Added to the mix is a vision of the moon (created entirely on a massive studio set in Berlin, Germany) that features a breathable atmosphere, giant sand dunes, distant mountain peaks, and bubbling mud pits.

The moon as imagined by Fritz Lang.

"Including 'Woman in the Moon' in this year's Sci-Fi Marathon, with its foreshadowing of the Apollo program, is a great way to acknowledge this year's 50th anniversary of mankind's actual landing on the moon," Rapsis said.

"And as a past vision of a future that didn't quite come to be, it really gets you thinking of time and how we perceive it."

Rapsis, a resident of Bedford, N.H., will improvise live musical accompaniment during the screening, using a digital synthesizer to recreate the sound of a full orchestra and other more exotic textures.

'Woman in the Moon,' a full-length feature than runs more than 2½ hours, should not be confused with the much earlier film 'A Trip to Moon,' a primitive "trick" short movie made by French filmmaker George Méliès in 1902 and famous for the image of a space capsule hitting the eye of an imaginary moon man.

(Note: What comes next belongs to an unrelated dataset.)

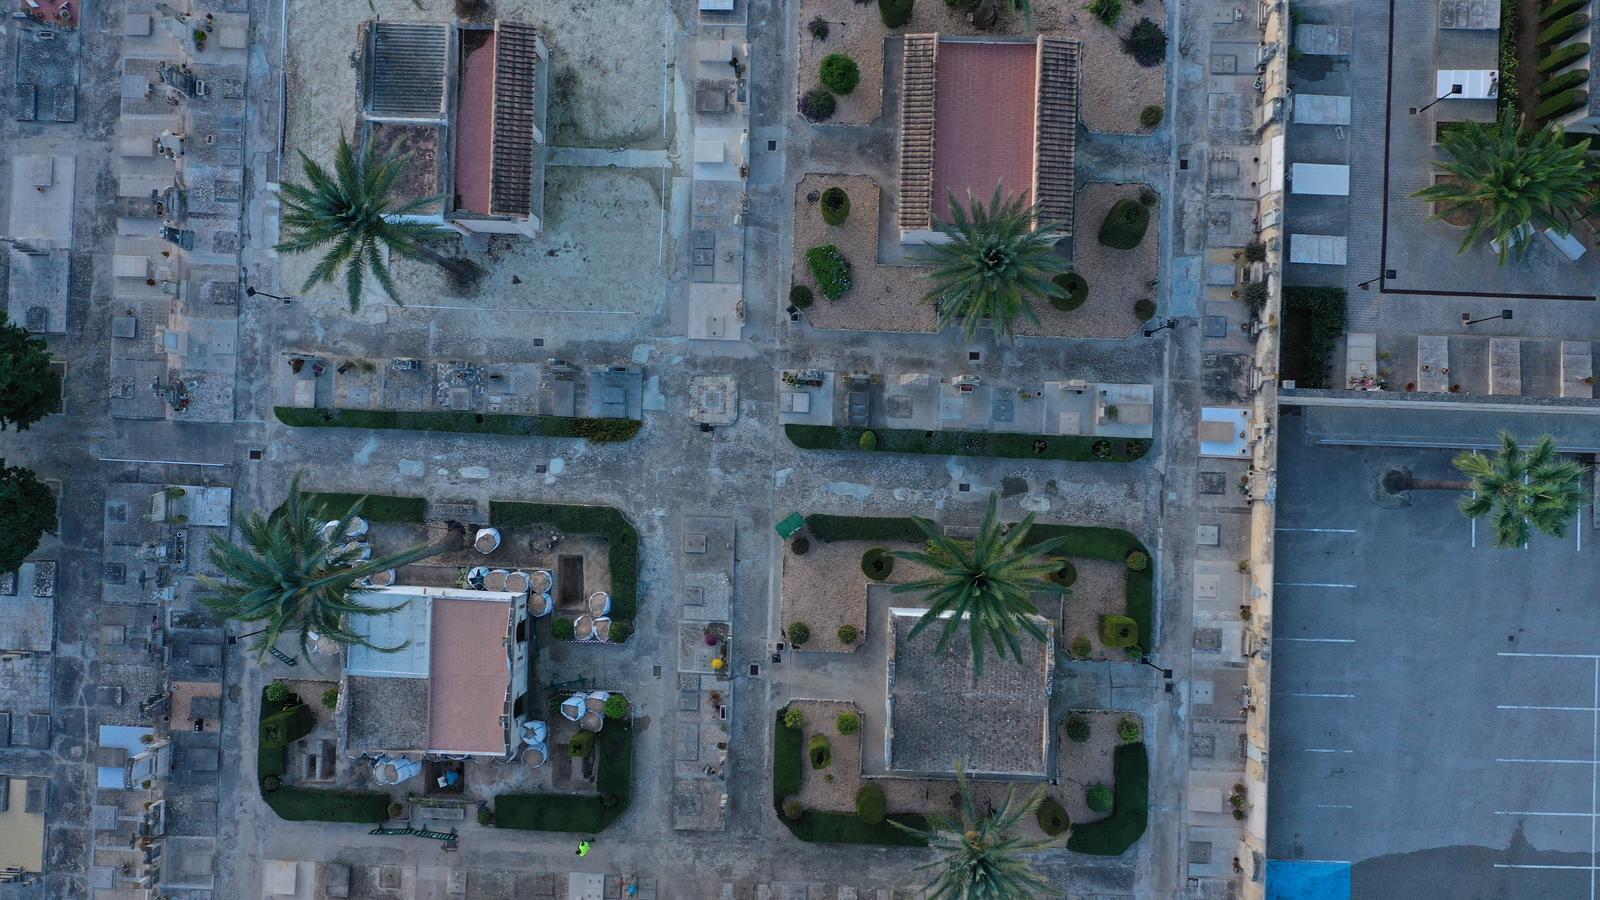 Fotografia aèria del cementeri de Porreres.

"Unlike the Méliès film, there's nothing primitive about 'Woman in the Moon,' " Rapsis said. "It's silent film story-telling at the peak of its eloquence, with lively performances, imaginative camera angles, and superb photography."

Bad timing is one reason that 'Woman in the Moon' (titled 'Frau im Mond' in German) is not as well known today as 'Metropolis,' its legendary predecessor. Lang completed 'Woman in the Moon' just as the silent film era was coming to a close.

As one of the last silent films of German cinema, 'Woman in the Moon' was unable to compete with new talking pictures then in theaters, making it a box office flop at its premiere in October, 1929.

However, German rocket scientist Hermann Oberth worked as an adviser on the movie, and it developed cult status among the rocket scientists in Wernher von Braun's circle starting in the 1930s. During World War II, the first successfully launched V-2 rocket at the German rocket facility in Peenemünde had the "Woman in the Moon" logo painted on its base.

During the war, the Nazis tried to recall and destroy all prints of 'Woman in the Moon' due to its detailed depiction of state-of-the-art rocket propulsion technology; in later years, this served to make the film even more hard to find. For many years, the film was available only in cut-down 16mm versions that ran as short as one hour.

But pristine and complete 35mm copies of 'Woman in the Moon' did survive in several European archives. Today, restored prints are amazingly clear and sharp, Rapsis said.

" 'Woman in the Moon' is technically one of the best-looking silent films I've ever seen," he said. "If you think all silent films are grainy and scratchy-looking, 'Woman in the Moon' will change your mind. It's like an Ansel Adams photograph come to life."

"Although 'Woman in the Moon' is available for home viewing, this is a motion picture that should be experienced as intended: on the big screen, with live music, and with an audience," Rapsis said. "There's nothing like it."

'Woman in the Moon' will be shown as part of the 44th Annual Boston Science Fiction Marathon, which begins on Sunday, Feb. 17 at noon at the Somerville Theatre, 55 Davis Square, Somerville, Mass.

Tickets to the 24-hour marathon are $90 per person and available at www.bostonscifi.com. Tickets for individual movies shown during the Sci-Fi Marathon are not available.